Как ребёнок! — Нару лишь вздохнул. — Ей надо поспать. Так и знал, что дорога скажется…
Май молчала, не зная, как вовсе надо выразить то внутренне давление, которое начало копиться в ней сразу же, как они пересекли границу деревни Дэнжи.
— Не уходи! — эти чувства она поняла. Она поняла, что не желает оставаться одна, а посему Оливера нельзя было отпускать.
— Это смена часовых поясов. Ты так себя чувствуешь, потому что хочешь спать, — объяснил он, успев к тому времени подняться и позднее, из-за мутнеющих глаз Май, прилечь. — Полчаса… Я полежу с тобой полчаса. Затем ты уснёшь, а я пойду в приход святого Джеймса.
— У тебя там есть какая-то работа? — она облепила его тело, шепча сонные слова в твёрдую грудь Оливера.
— Есть! — пускай это показалось немного грубо, однако ответ прозвучал. — Спи… — к сердцу что-то подступило… То внезапное чувство, должно быть, являлось сожалением. Произносить резких фраз не стоило, Май не для себя всё это время старалась.
Как и она, Оливер притих. Он закрыл глаза и чуть слышно выдохнул. Сейчас у него было всё, чего он хотел — определённость. Дорогой сердцу человек рядом, родители живы и здоровы, работа идёт полным ходом и до получения диплома бакалавра каких-то жалких полтора года.
Сейчас… Здесь… Его рука скользила по коротким волосам Май и он думал, как дороги ему эти моменты без суеты. Кроткая и беспомощная, такая покладистая и тихая, она — в его власти. Англия творила чудеса, казалось, что тот ёкай, воспламеняющий Танияму время от времени, побоялся плачущего неба и необъятных взглядом просторов.
Сладкие грёзы, до того сладкие, что у Оливера начало покалывать в висках, на самом-то деле их с Май разделял Тихий и Атлантический океан. Япония… Что будет происходить там, когда она снова выпорхнет на свободу?.. К тому времени как им снова завладели эти эгоистичные мысли, Танияма уже крепко спала. Оставалось подняться как можно тише, чтобы её сон ни за что не прервался. И он вышел…
— Надеюсь, вы вели себя прилично на чужой кровати, — в коридоре его ждала Аяко.
— Если тебя это так волнует, то почему ты стоишь под дверьми? — Нару мягко затворил дверь и, любя свою надменную наглость так же, как и себя, упорно посмотрел на жрицу. Вызвав на её лице ожидаемый отклик стыда, он чуть менее довольно продолжил: — Правила приличия едины для всех.
— Ну знаешь ли, тебя всё равно не переспоришь, не думаю, что должна оправдываться.
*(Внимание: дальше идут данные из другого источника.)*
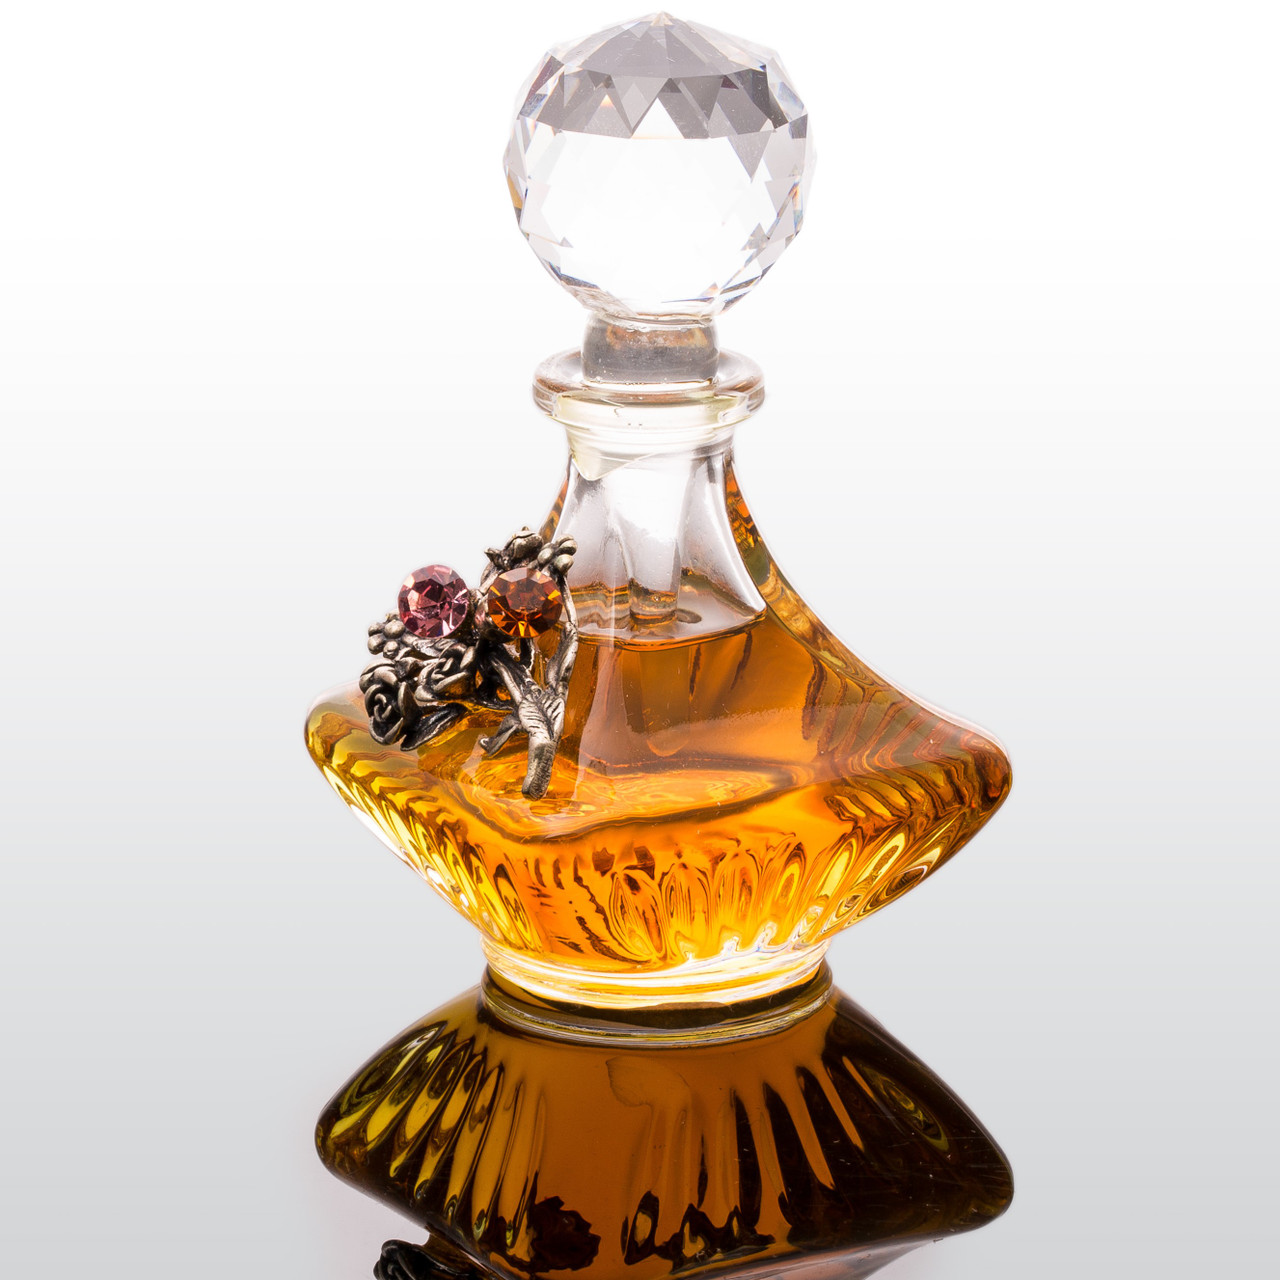 Home Fragrance Oil, 2 Set Jasmine, Oud Essential

К тому же, это не я у тебя в долгу, а ты передо мной, — тыкала она в него пальцем. — Додумался сказать такое! Теперь как нам прикажешь делить комнату?!
— Проблема решается спальным мешком, — он дал чётко понять, что уже обо всём позаботился.
— Ага! Так он и согласится! — Матсузаки понимала, что так дело не пойдёт и даже если бы Хосё согласился поспать ночку-другую калачиком, то она бы чувствовала себя омерзительно.
— Это не моя забота. Разберись… — у Нару не оставалось никакого возможного на разглагольствования времени. Требовалось вернуться к делам, порученным его группе.
Не меняется! Этот нахальный ребёнок напросится у меня! Чтобы я ещё раз пошла на поводу у этого Монаха и стала помогать безвозмездно. Да ни в жизнь! — Аяко глядя на удаляющегося Сибую, жалела обо всех делах, сделанных ею из чистых побуждений в отношении этого бесчувственного лица.
— Меня не будет до вечера, — Нару не доходя первого этажа, остановился. — Можешь воспользоваться этим временем…
Это что только что было? Сочувствие?.. — Аяко похлопала длинными ресницами, дунула на лезущую в глаза чёлку, и вроде бы смирившись с жестоким юмором судьбы, развернулась в сторону своей комнаты. Её терпение могло обещать неплохие, продуктивные отношения, если бы Монах в очередной раз не подпортил бы ей настроения.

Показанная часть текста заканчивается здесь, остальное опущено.